Esthétiquement magnifique, le film l'est tout autant dans sa partition sonore loufoque et pseudo-angoissante. C'est rare de voir un cinéma de ce genre pousser aussi loin la démarche artistique. Que cela soit les éclairages, les contrastes, les ombres, tout est travaillé avec une minutie qui impressionne. Encore aujourd'hui, il demeure un monument qui devrait être visionné par tous les cinéastes amateurs pour qui l'idée d'un film beau ne leur viendrait même pas à l'esprit. Enfin, j'en reviens à ce que je disais à la fin du premier paragraphe, le fait que Viy a su sortir pourrait se trouver dans le traitement du clergé volontairement tourné en ridicule. Ainsi, le héros est représenté comme un pleutre, moqué pour sa lâcheté et ses cris, ne trouvant son salut que dans des litanies religieuses qui ne parviennent en rien à atténuer sa crainte. Le communisme et la religion, ça n'a jamais été une histoire d'amour. Très certainement, cette raison fut peut-être celle qui permit à ce projet d'exister. En optant pour ce choix casse-gueule, le résultat est absolument fendard. Leonid Kuravlyov a la parfaite tête de l'emploi du religieux benêt et il s'y donne à fond.
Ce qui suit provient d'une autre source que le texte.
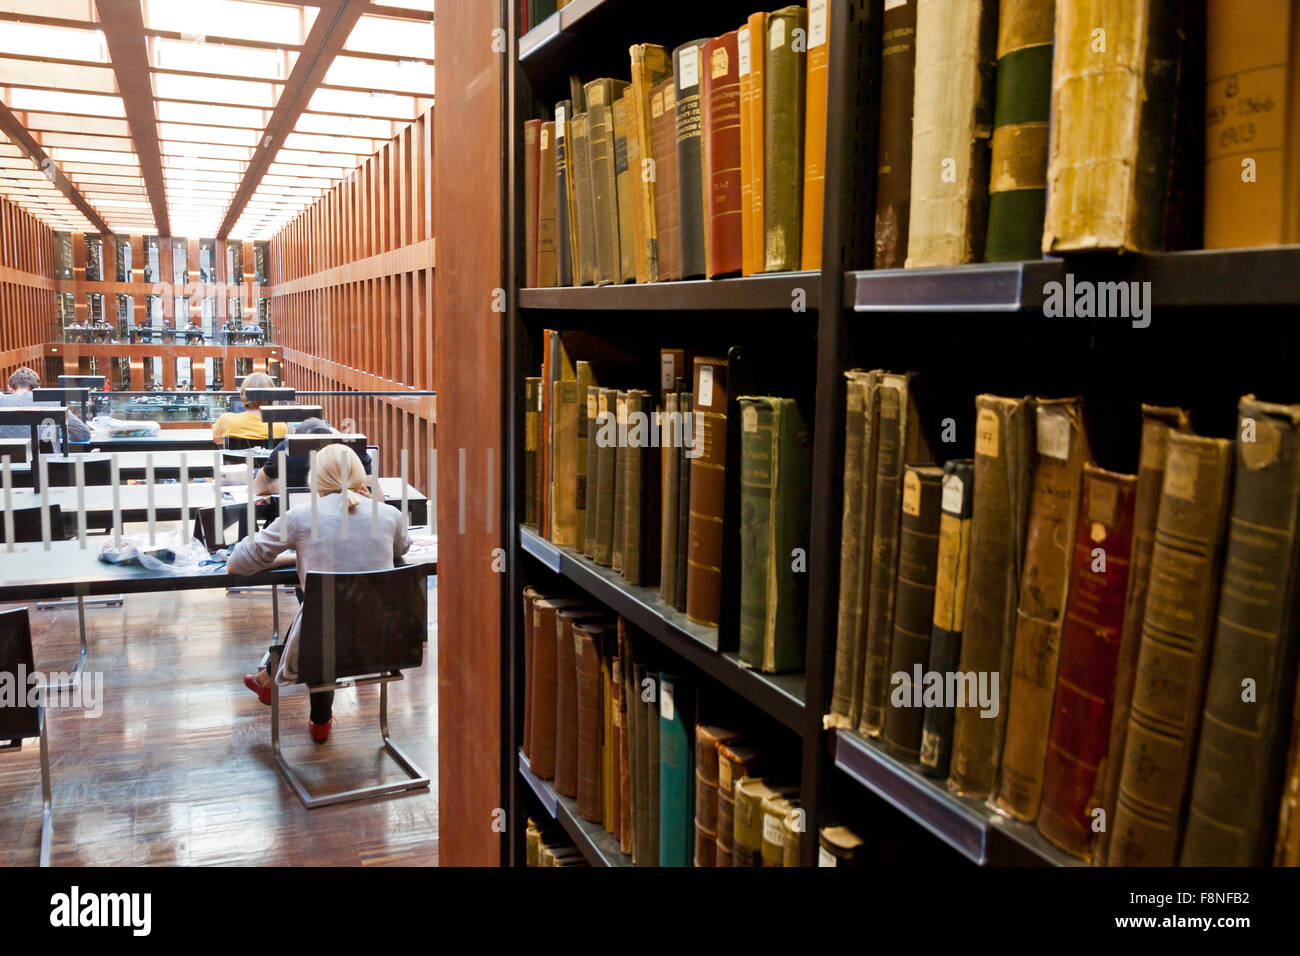 BERLIN, Deutschland - 1. Juli 2014: Humboldt-Universität Bibliothek in Berlin. Es ist eines der fortschrittlichsten wissenschaftlichen Bibliotheken in Ge Stockfoto

"Viy" devient dès lors une farce mémorable et bigrement attachante où l'on ne s'ennuie pas une seule seconde, assumant sans fard sa différence et dont la dernière partie vaut son pesant de cacahuètes. L'arrivée des monstres, indéniablement le point culminant de l'intrigue, est extra en tout point. Les CGI ont pris de l'âge mais l'effet est toujours de la partie. On imagine en 1967 ce que les spectateurs ont dû vivre.